In paintings like Nature morte au crâne de taureau [10], the artist reiterated the feeling of cramped confinement by shrinking the area so that the floor, ceiling, and walls seem to converge. The painting portrays a subtle meditation on the tenuous balance of life and death, countering the gloom of its subject matter with the play of discordant, bright hues. Concentrating on the dynamic examination of the sculptural nature of the bull skull, he transformed its form into a complex interplay of angular, intersecting lines that appear to radiate outward into the studio space. The dense layering of thick, linear strokes served to further strengthen the image.
Picasso frequently used sharp angles and dramatic color schemes in his still lifes to convey terror during the Occupation. They became a significant remembrance of this terrible time and a poignant illustration of his art’s ability to transform commonplace materials.
Nature morte au panier de fruits [11] was one of two striking canvases he painted in August—a time when the severity of the situation had become all too evident in the capital. In order to let the mood of the conflict seep into the straightforward arrangement of everyday items, he selected a stark army gray color scheme. An already discordant composition is intensified by the razor-sharp angular distortions. His flowers became resolutely angular constructions throughout these years, with vivid, signal-like colors and thick black outlines that prevented positive connection. The colors were mostly freed from their object-defining role, and they entered the grid structures as patches of blue-violet, vermilion, and brownish green. In another painting,
Nature morte à la corbeille de fruits [12], the image was changed into a juxtaposition of linear structures by a few patches of bright red that added color to the black lattice (
Ullmann 1993, p. 266). The focus is on how the things fit into the overall design rather than on them as separate components. It appears to indicate Picasso’s intention to focus on structural issues rather than the subject matter’s emotional or symbolic implications—a kind of avoidance.

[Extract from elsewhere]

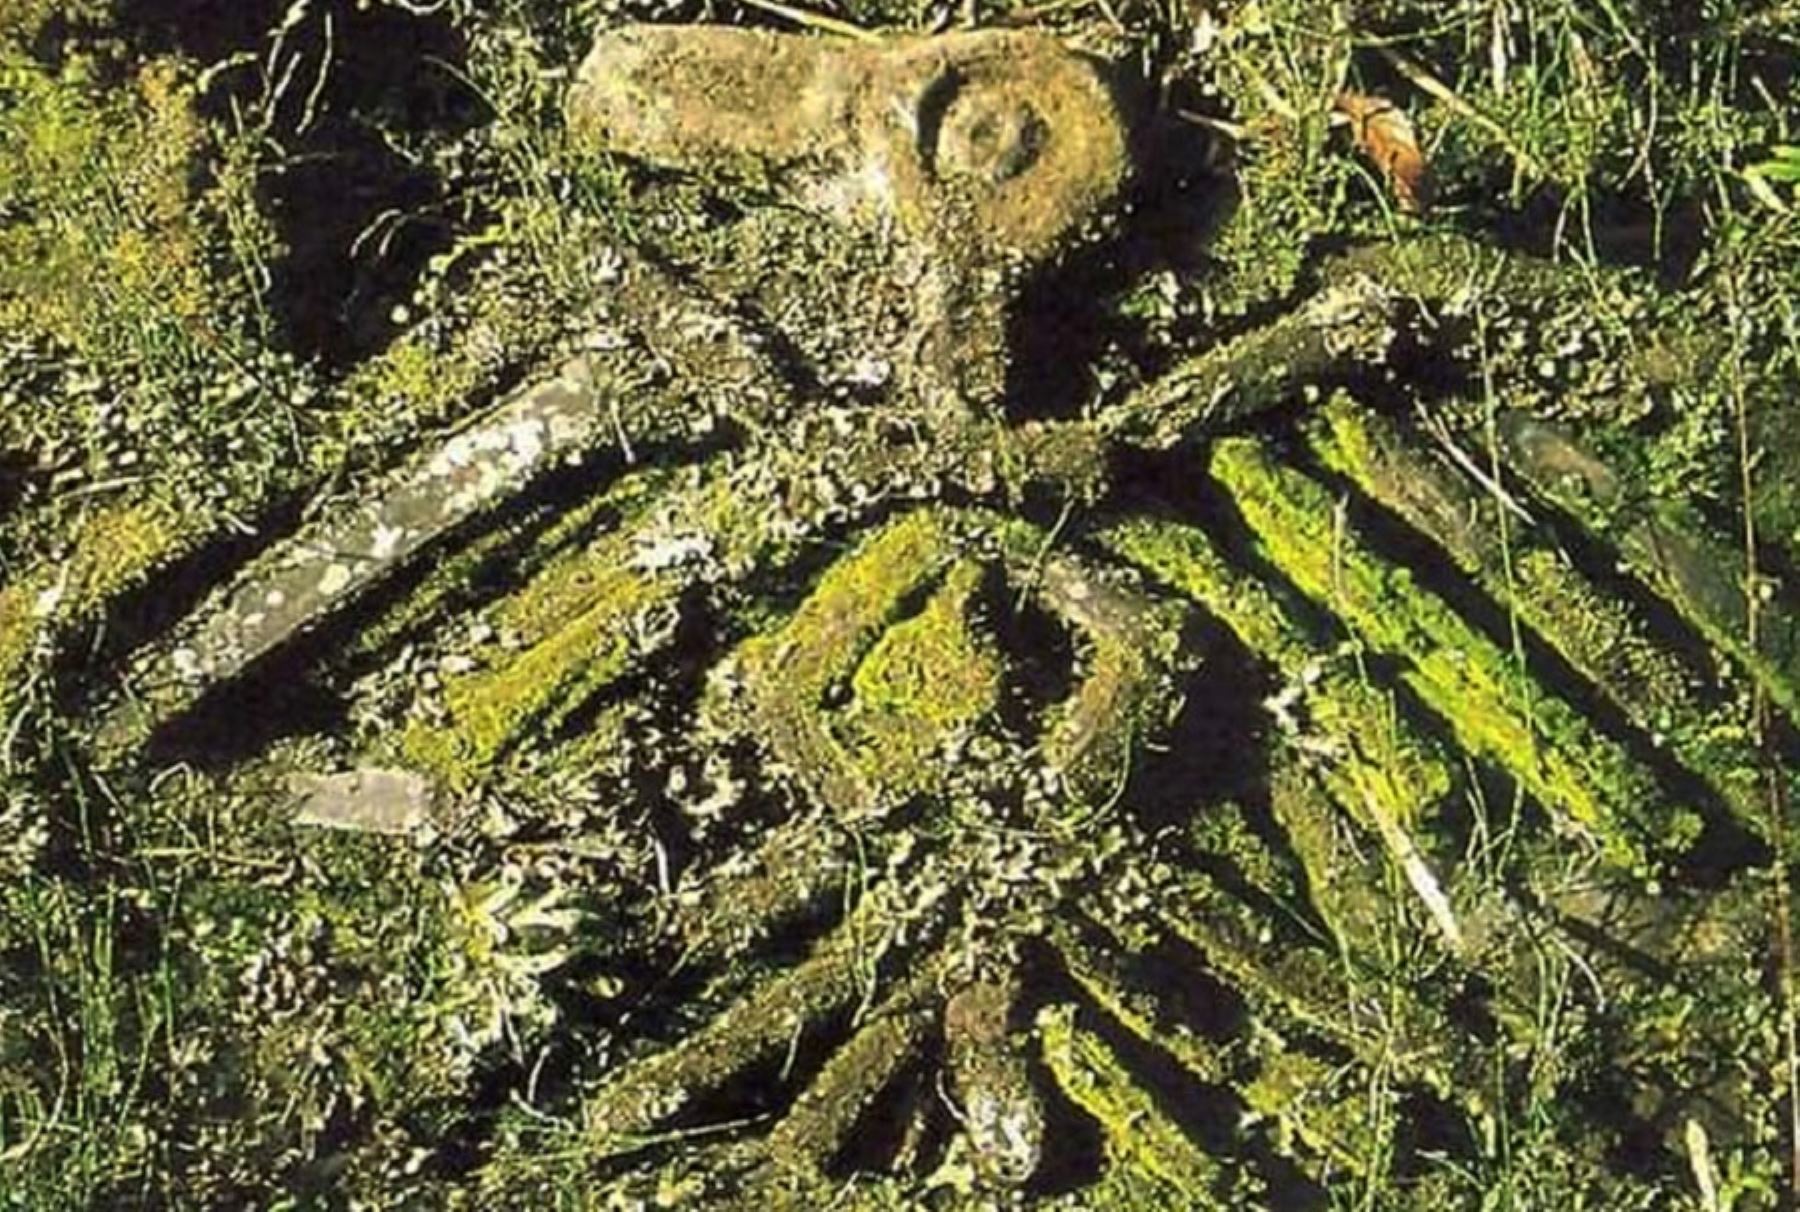 En los bosques húmedos y nubosos del Parque Nacional Río Abiseo, en la región San Martín, está uno de los más enigmáticos e impresionantes complejos arqueológicos descubiertos en la ceja de selva peruana: el Gran Pajatén, llamada también la “Ciudad perdida de los chachapoya”.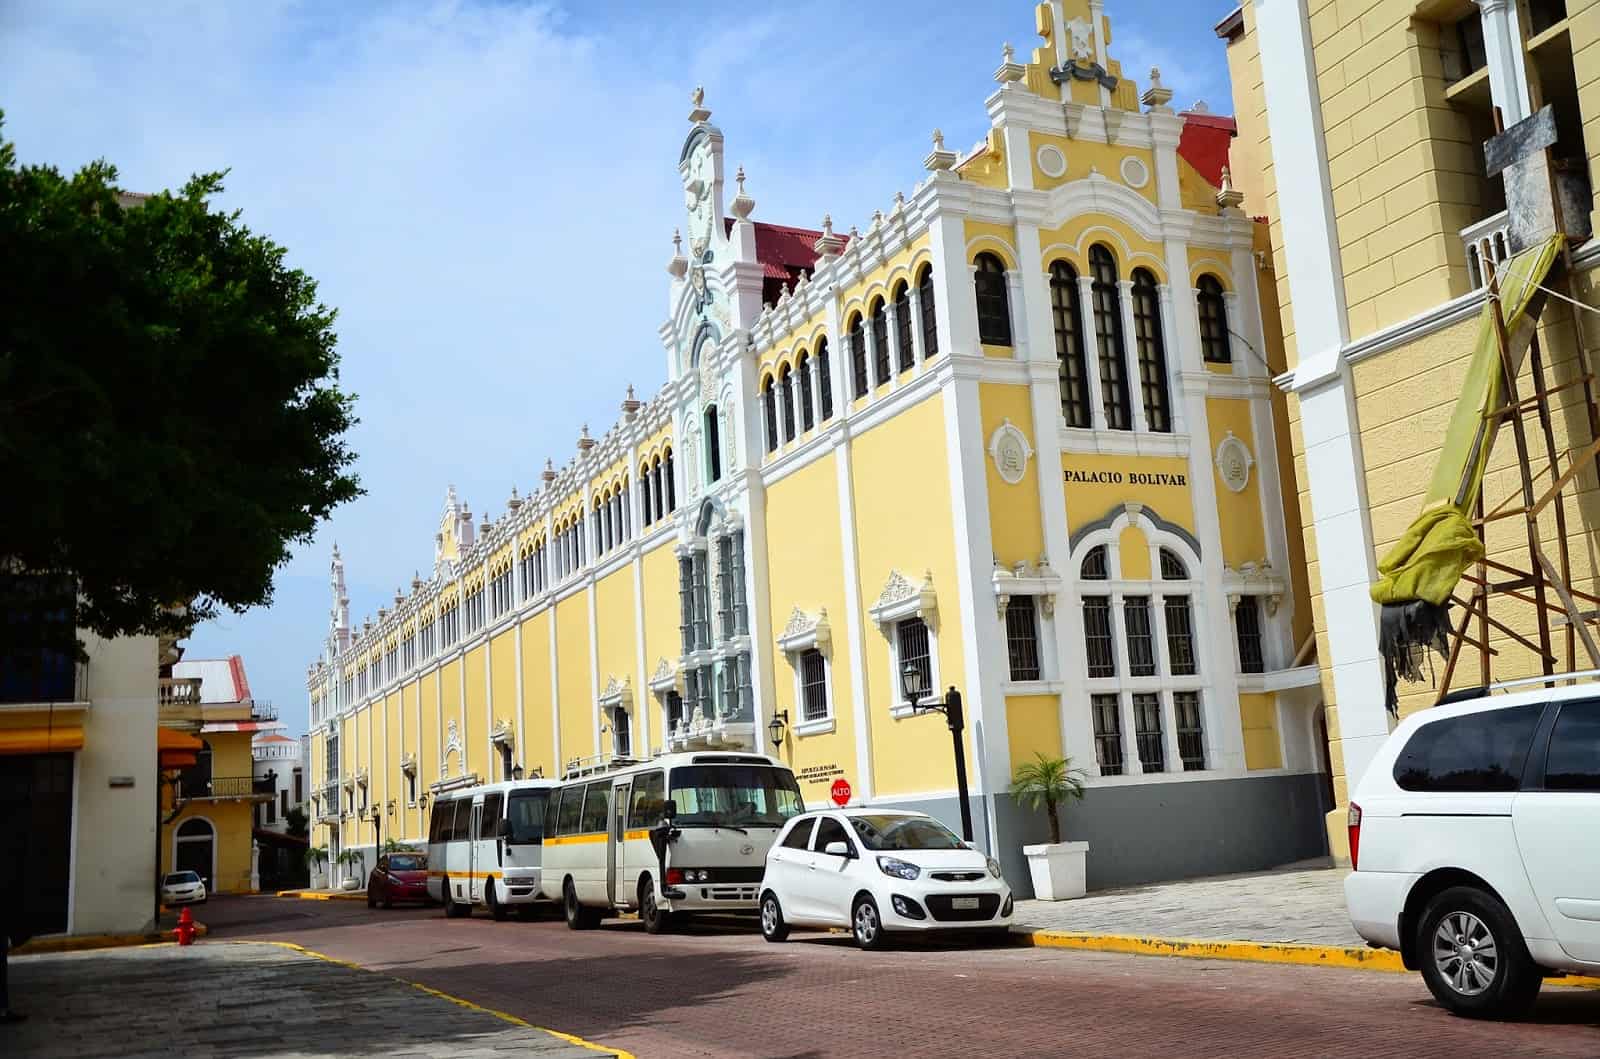 Bolívar Palace on Plaza Bolívar in Casco Viejo, Panama City

A similar still life painted on 2 August,
Nature morte au panier de fruits et aux fleurs [13], featured a pitcher or vase of grasses or wildflowers on the right and a basket of fruit on the left. Although the fruits depicted could never be considered appetizing—Steinberg describes them as “green pellets”—Daix suggests that they “speak longingly of harvests in that time of scarcity” (
Goggin 1985, p. 209). There were undoubtedly shortages of all types in Paris, and good food was only available at exorbitant prices on the underground market. Fuel and coal were also scarce. Picasso, who had closed his apartment on the rue de la Boétie to be within easy walking distance of Dora, Marie-Thérèse, and Maya in order to avoid violating the stringent curfew regulations, could not find enough of it to heat the large rooms in his Grands-Augustins studio, where he had chosen to live and work for the duration. The woman in
Buste de femme [14], painted the next day, has one of Picasso’s most violent or furious expressions during the Occupation. The basic pattern of the July heads is reflected in the reformulations of the face, which include a mouth on the left-twisted region of the face, eyes misaligned, and a snout-like nose projecting to the right. The tiny pupils in her eyes, the wrinkle on her brow, and the triangular mouth with clenched teeth all convey a violent expression. The intense rage that propelled the artist’s brush is suggested by the striations that were gouged into the paint.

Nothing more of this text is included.